La inteligencia práctica y desenvoltura
social de mi madre le permitió ser un
baluarte y soporte en los negocios de
mi padre, visitando clientes, haciendo
cobranzas, llevando muebles,
haciendo diferentes pagos (impuestos,
servicios, planillas del Seguro Social),
asistiendo a licitaciones. Además,
administraba el archivo de la empresa
Una mujer que se oponía a un “no”
como respuesta definitiva, cuando
promovía una justa causa, aunque la
negativa emanase de una alta
autoridad. En 1974 una de mis
hermanas sufrió un grave percance de
tránsito, el diagnóstico que daban los
médicos salvadoreños era
desalentador, era urgente brindarle
una asistencia de vanguardia en
Estados Unidos, pues el sistema
hospitalario del país carecía de la
tecnología para dispensarle el
tratamiento que demandaba.
Para activar la asistencia humanitaria
de un hospital estadounidense, se
requería una carta en la que el
personal médico asintiera que el país
carecía de la tecnología, para
restablecer la salud de la paciente.
Como era natural, mi madre obtuvo
un rotundo “no” por respuesta, los
galenos se rehusaban a confesar sus
deficiencias y carencias. Pero tuvo la
entereza de emplazarlos firmemente y
trocar así el inexorable “no” en un
“sí”.
Allá por 1993 a un familiar cercano le
exigieron para hacer cursos de
posgrado en Norteamérica, una carta
del Ministro de Salud, en la que se
comprometía a conferirle una
oportunidad de empleo, una vez
concluyera su especialización.

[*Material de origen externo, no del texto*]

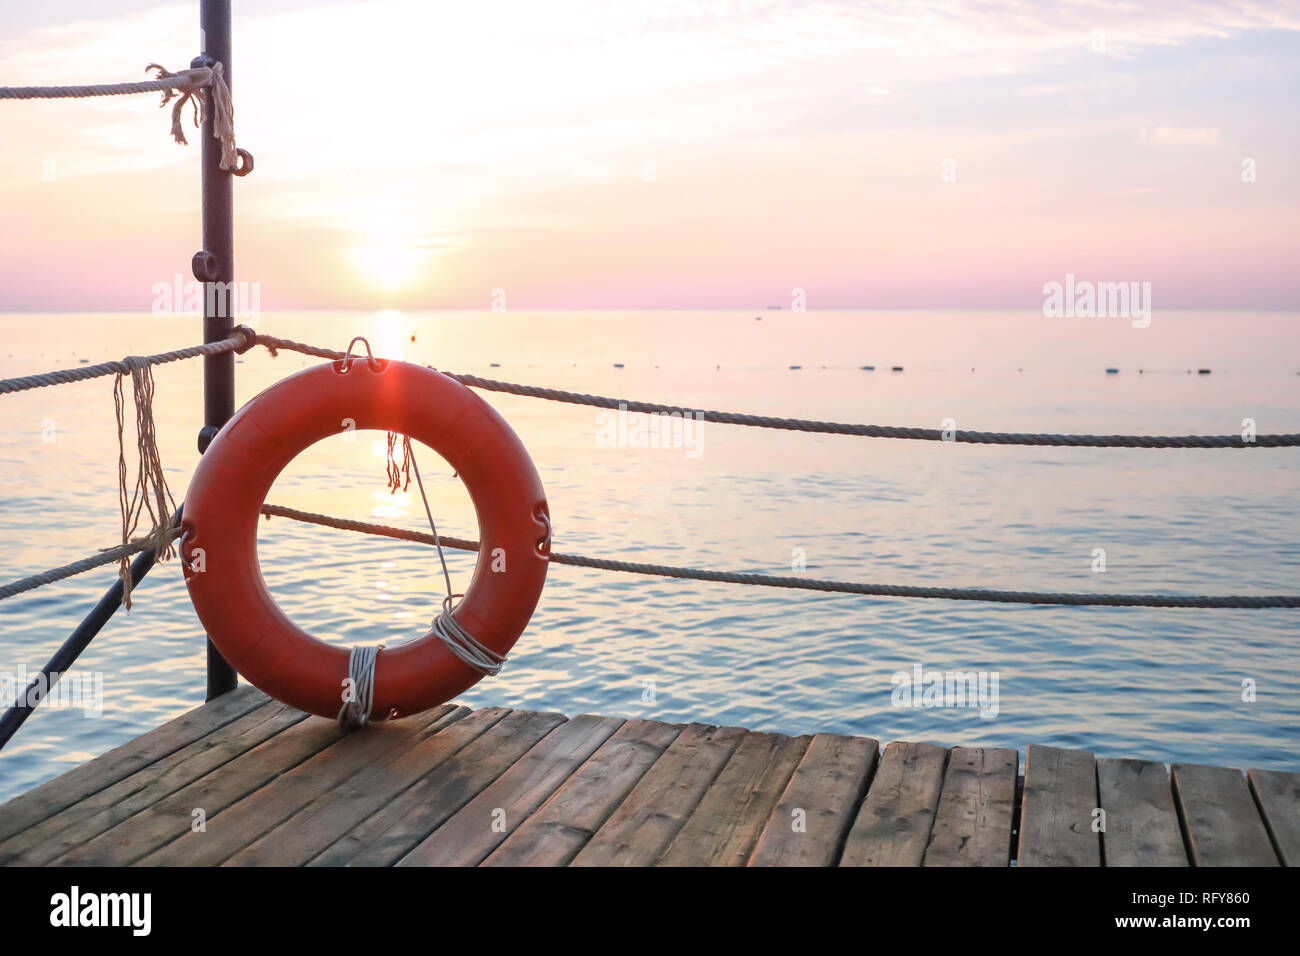 Lifebelt rosso sul molo in legno sullo sfondo di paesaggi marini all'alba. Foto Stock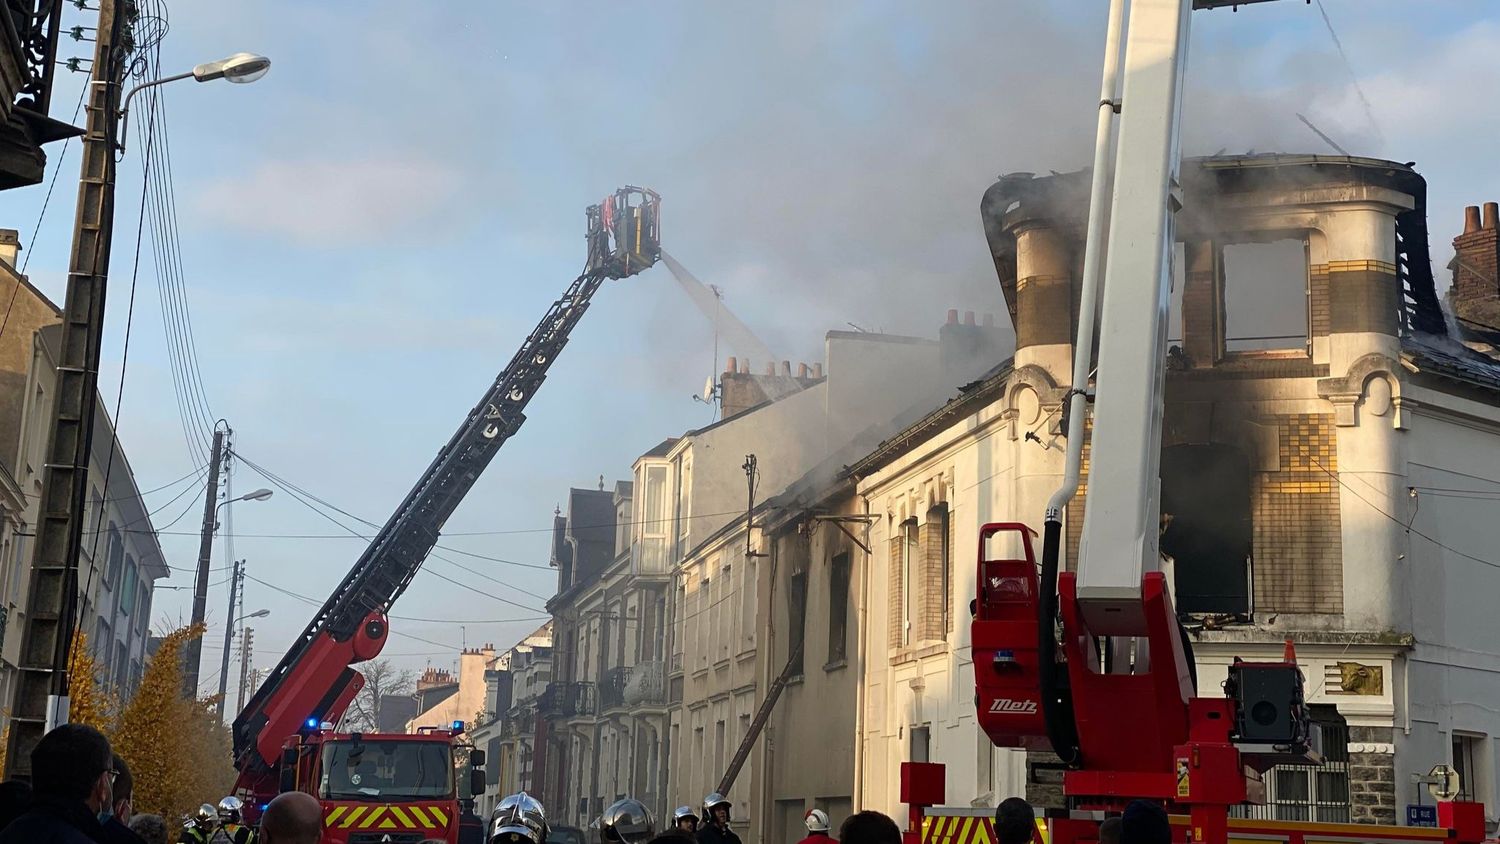 Incendie à Saint-Nazaire

El alto
funcionario manifestó de manera
tajante que tal ofrecimiento excedía su
esfera de competencia. Mi madre
visitó cuando veces fue preciso
aquella cartera de Estado, hasta que
persuadió al Ministro a que firmara la
misiva en los términos requeridos.
Espíritu hospitalario
Fue un bastión que brindó
hospitalidad a muchos familiares que
arribaban a San Salvador en viajes de
placer o de trabajo, tiene una memoria
proverbial, desde tiempos remotos
guarda un registro de las defunciones
de parientes y amigos, que actualiza
frecuentemente, lleva un expediente
personal de cada uno de sus seis hijos
con recortes de periódicos, certificados
y carne escolares, constancias de notas,
etc.
Está dotada de una capacidad
prodigiosa para empoderarse de
conocimientos diversos, un sentido
especial del ahorro y la planificación
de gastos, y una desenvoltura social
que la vuelve un centro de confluencia
familiar y una narradora verbal de anécdotas invaluables.